I'm converting a simple bash script (included below for convenience) that did some basic prep work and submitted a new job to the cluster scheduler for each iteration.
Ultimate question: What is the most NextFlow-like way to incorporate this script into a NextFlow workflow (preferably using the new DSL2 schema)?
Possible subquestion: Is it possible to emit a list of lists based on bash variables? I've seen ways to pass lists from workflows into processes, but not out of process. I could print each set of parameters to a file and then emit that file, but that doesn't seem very NextFlow-like.
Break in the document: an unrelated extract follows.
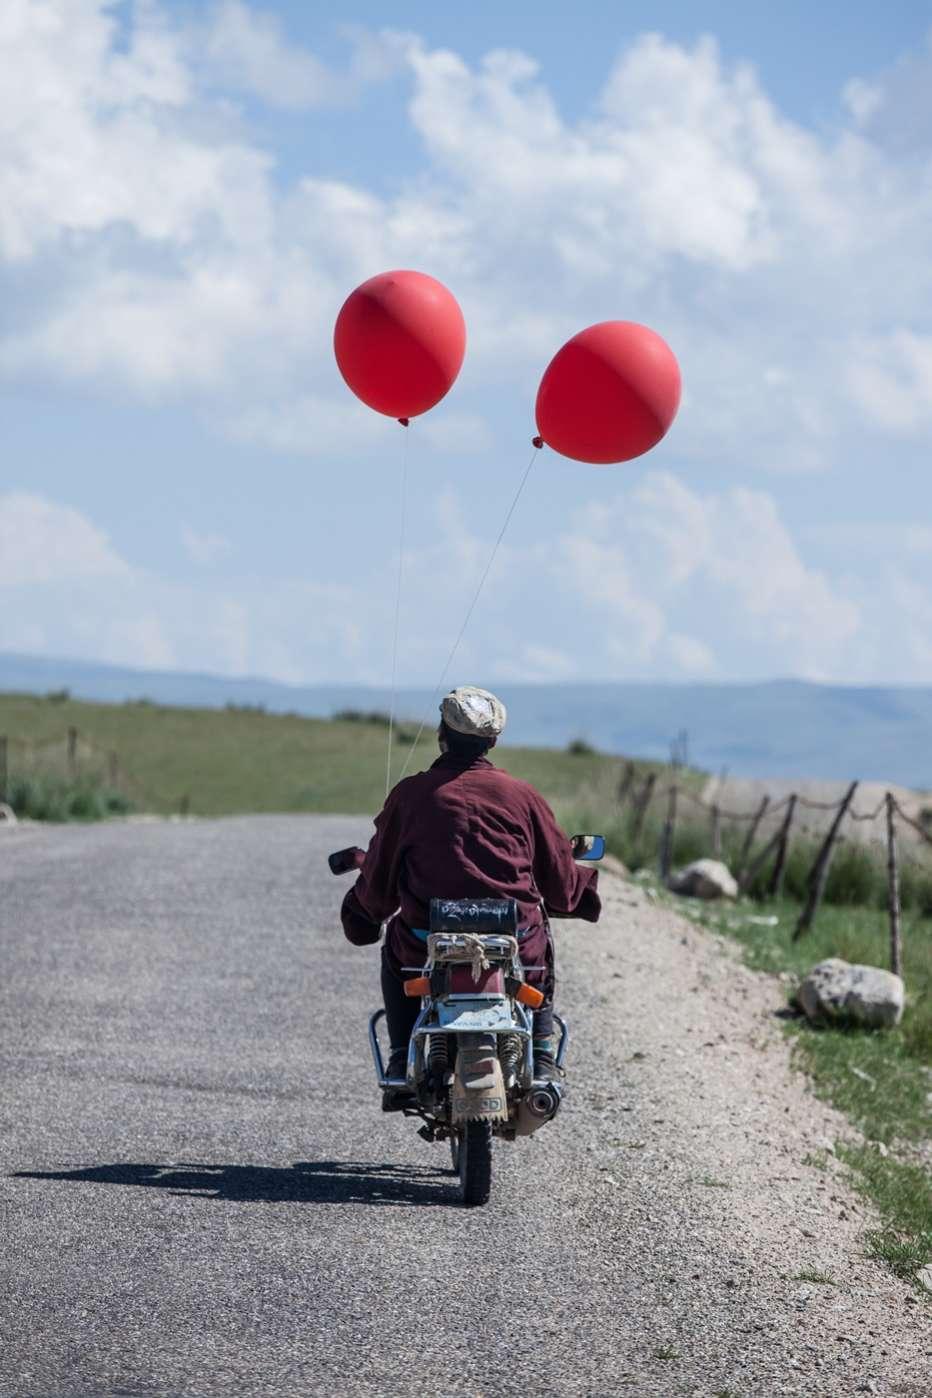 Balloon-2019-Pema-Tseden-003.jpg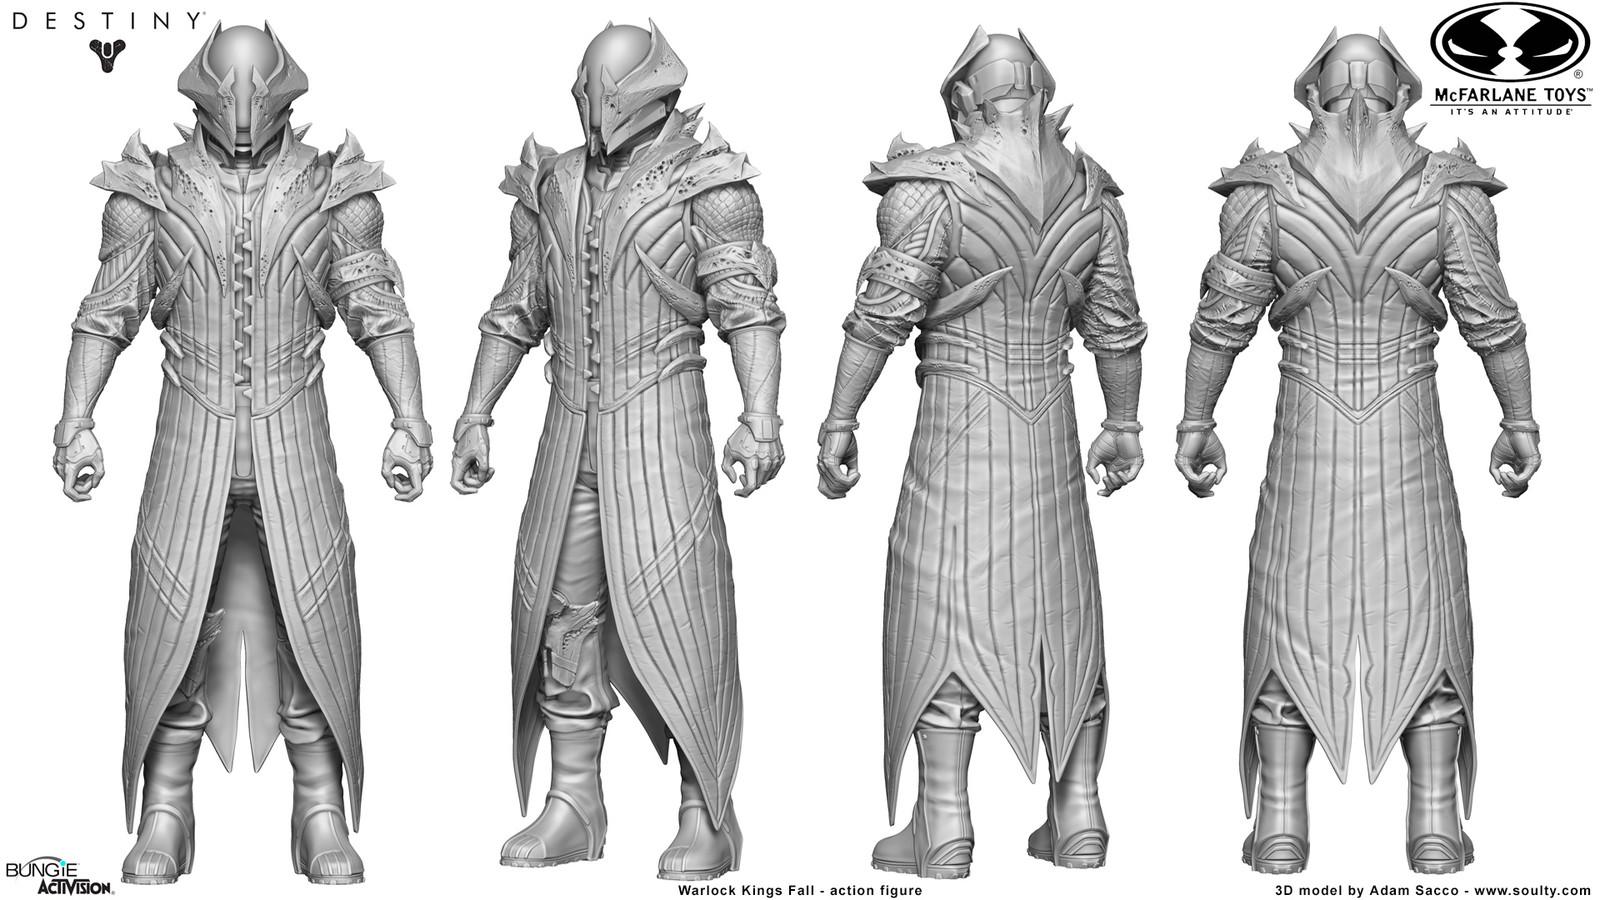 3D Model _ Mcfarlane Toys - Destiny: Warlock Kings Fall - Action figure

I would really appreciate any guidance on how to incorporate the following bash script into a NextFlow workflow. I have added comments and indicate the four variables that I need to emit as a set of parameters.
Thanks!
# Input variables. I know how to take these in.
GVCF_DIR=$1
GATK_bed=$2
RESULT_DIR=$3
CAMO_MASK_REF_PREFIX=$4
GATK_JAR=$5
# For each directory
for dir in ${GVCF_DIR}/*
do
# Do some some basic prep work defining
# variables and setting up results directory
ploidy=$(basename $dir)
repeat=$((${ploidy##*_} / 2))
result_dir="${RESULT_DIR}/genotyped_by_region/${ploidy}" # Needs to be emitted
mkdir -p $result_dir
# Create a new file with a list of files. This file
# will be used as input to the downstream NextFlow process
gvcf_list="${ploidy}.gvcfs.list" # Needs to be emitted
find $dir -name "*.g.vcf" > $gvcf_list
REF="${CAMO_MASK_REF_PREFIX}.${ploidy}.fa" # Needs to be emitted
# For each line in the $GATK_bed file where
# column 5 == repeat (defined above), submit
# a new job to the scheduler with that region.
awk "\$5 == $repeat {print \$1\":\"\$2\"-\"\$3}" $GATK_bed | \
while read region # Needs to be emitted
do
qsub combine_and_genotype.ogs \
$gvcf_list \
$region \
$result_dir \
$REF \
$GATK_JAR
done
done
What is the most NextFlow-like way to incorporate this script into a
NextFlow workflow
In some cases, it is possible to incorporate third-party scripts that do not need to be compiled "as-is" by making them executable and moving them into a folder called 'bin' in the root directory of your project repository. Nextflow automatically adds this folder to the $PATH in the execution environment.
However, some scripts do not lend themselves for inclusion in this manner. This is especially the case if the objective is to produce a portable and reproducible workflow, which is how I interpret "the most Nextflow-like way". The objective ultimately becomes how run each process step in isolation. Given your example, below is my take on this:
nextflow.enable.dsl=2
params.GVCF_DIRECTORY = './path/to/directories'
params.GATK_BED_FILE = './path/to/file.bed'
params.CAMO_MASK_REF_PREFIX = 'someprefix'
params.publish_dir = './results'
process combine_and_genotype {
publishDir "${params.publish_dir}/${dirname}"
container 'quay.io/biocontainers/gatk4:4.2.4.1--hdfd78af_0'
cpus 1
memory 40.GB
input:
tuple val(dirname), val(region_string), path(ref_fasta), path(gvcf_files)
output:
tuple val(dirname), val(region_string), path("full_cohort.combined.${region}.g.vcf")
script:
region = region_string.replaceAll(':', '_')
def avail_mem = task.memory ? task.memory.toGiga() : 0
def Xmx = avail_mem >= 8 ? "-Xmx${avail_mem - 1}G" : ''
def Xms = avail_mem >= 8 ? "-Xms${avail_mem.intdiv(2)}G" : ''
"""
cat << __EOF__ > "${dirname}.gvcf.list"
${gvcf_files.join('\n'+' '*4)}
__EOF__
gatk \\
--java-options "${Xmx} ${Xms} -XX:+UseSerialGC" \\
CombineGVCFs \\
-R "${ref_fasta}" \\
-L "${region_string}" \\
-O "full_cohort.combined.${region}.g.vcf" \\
-V "${dirname}.gvcf.list"
gatk \\
--java-options "${Xmx} ${Xms} -XX:+UseSerialGC" \\
GenotypeGVCFs \\
-R "${ref_fasta}" \\
-L "${region_string}" \\
-O "full_cohort.combined.${region}.vcf" \\
-V "full_cohort.combined.${region}.g.vcf" \\
-A GenotypeSummaries
"""
}
workflow {
GVCF_DIRECTORY = file( params.GVCF_DIRECTORY )
GATK_BED_FILE = file( params.GATK_BED_FILE )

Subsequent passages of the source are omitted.